Tudo isso parece um sonho, e um sonho nada mais é do que o falso, o engano.
Caminho no corredor quando escuto Ailiss me chamando.
— Ei, Mistkerl. Você deve comparecer na reunião marcada pelo conselho estudantil.
— Que reunião é esta?
— Na verdade, está mais para um comitê sobre alguma chatice. Comprometi-me com a Mikoto que a ajudaria nas questões do conselho estudantil, mas já estou me arrependendo — escora-se na parede do corredor e cruza os braços — E como não estou a fim de escutar besteiras, decidi que você irá no meu lugar.
Decidiu tudo isso sem nem me consultar? Bastante sensato da sua parte. Não poderia esperar menos vindo dela.
— Tudo bem — suspiro — Porém qual será a pauta do comitê?
— Não prestei atenção, mas deve ser algum assunto inútil.
Desta forma você realmente não me ajuda. Se for pedir um favor pelo menos me informe adequadamente do que se trata.
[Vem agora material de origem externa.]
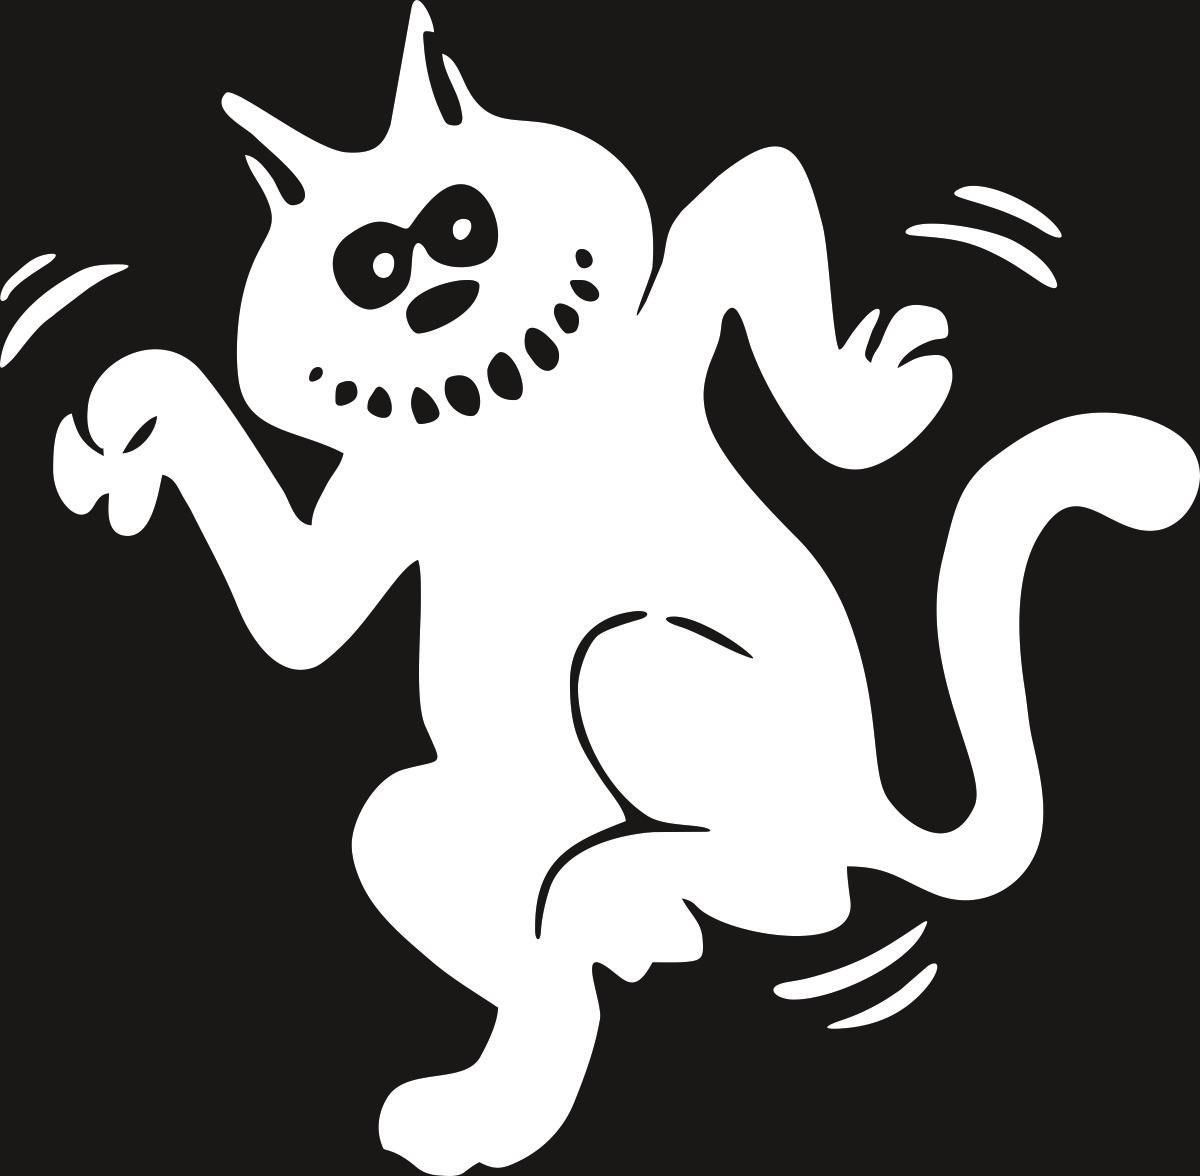 Виниловая наклейка Оранжевый Слоник Танцующий кот, цвет: белый150PR00035WНаклейки изготавливаются из долговечного винила, выполняет декоративную функцию. Клеится на стекло или элемент кузова.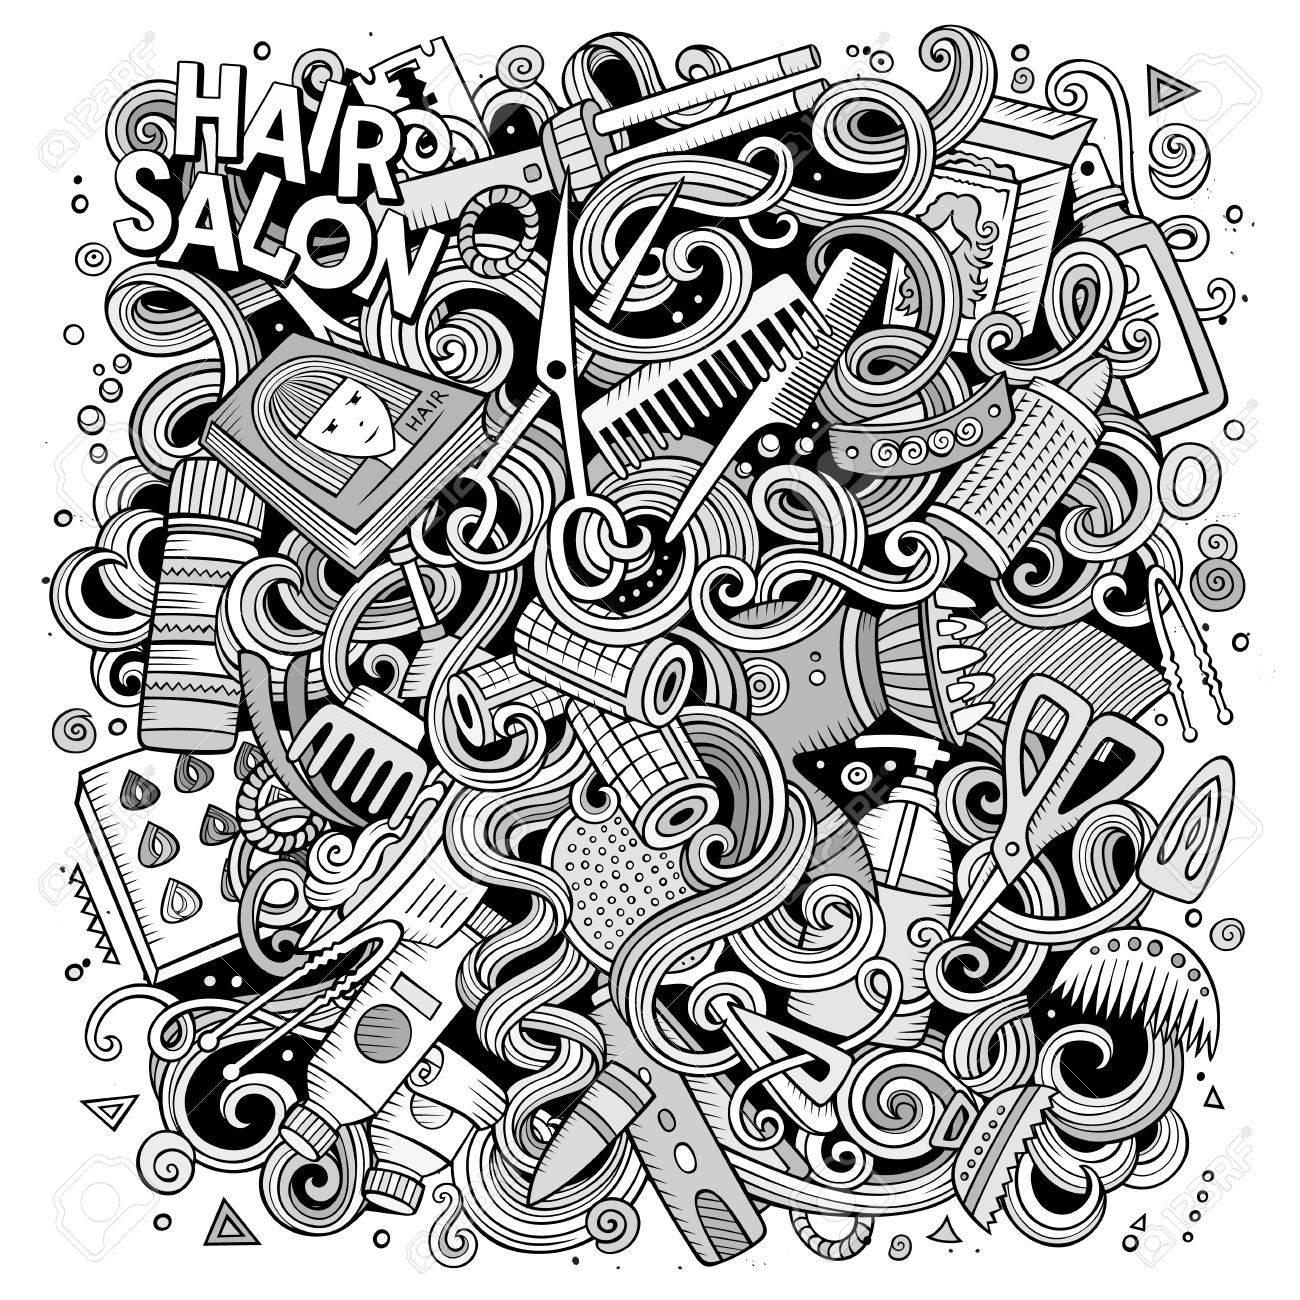 Doodles Mignons De Dessin Anime Illustration De Salon De Coiffure

— Ok… ainda posso perguntar para Mikoto ou para o Haruki sobre isso.
— Não penso que terá tempo, o comitê deve ocorrer daqui alguns minutos.
— É?! Em qual bloco e sala está marcado?
Se eu não a conhecesse certamente assumiria que ela está somente tirando com a minha cara, mas é bem típico dela ter tanto desdém.
— Também não me lembro, boa sorte em descobrir — me dá as costas.
Isto poderia ser classificado como abuso? Certamente sim… entretanto não vejo sequer condições de eu protestar sobre.
…
Encontro a sala de aula, e basicamente trata-se de uma proposta levantada por Keiko sobre a sanidade mental dos nossos colegas.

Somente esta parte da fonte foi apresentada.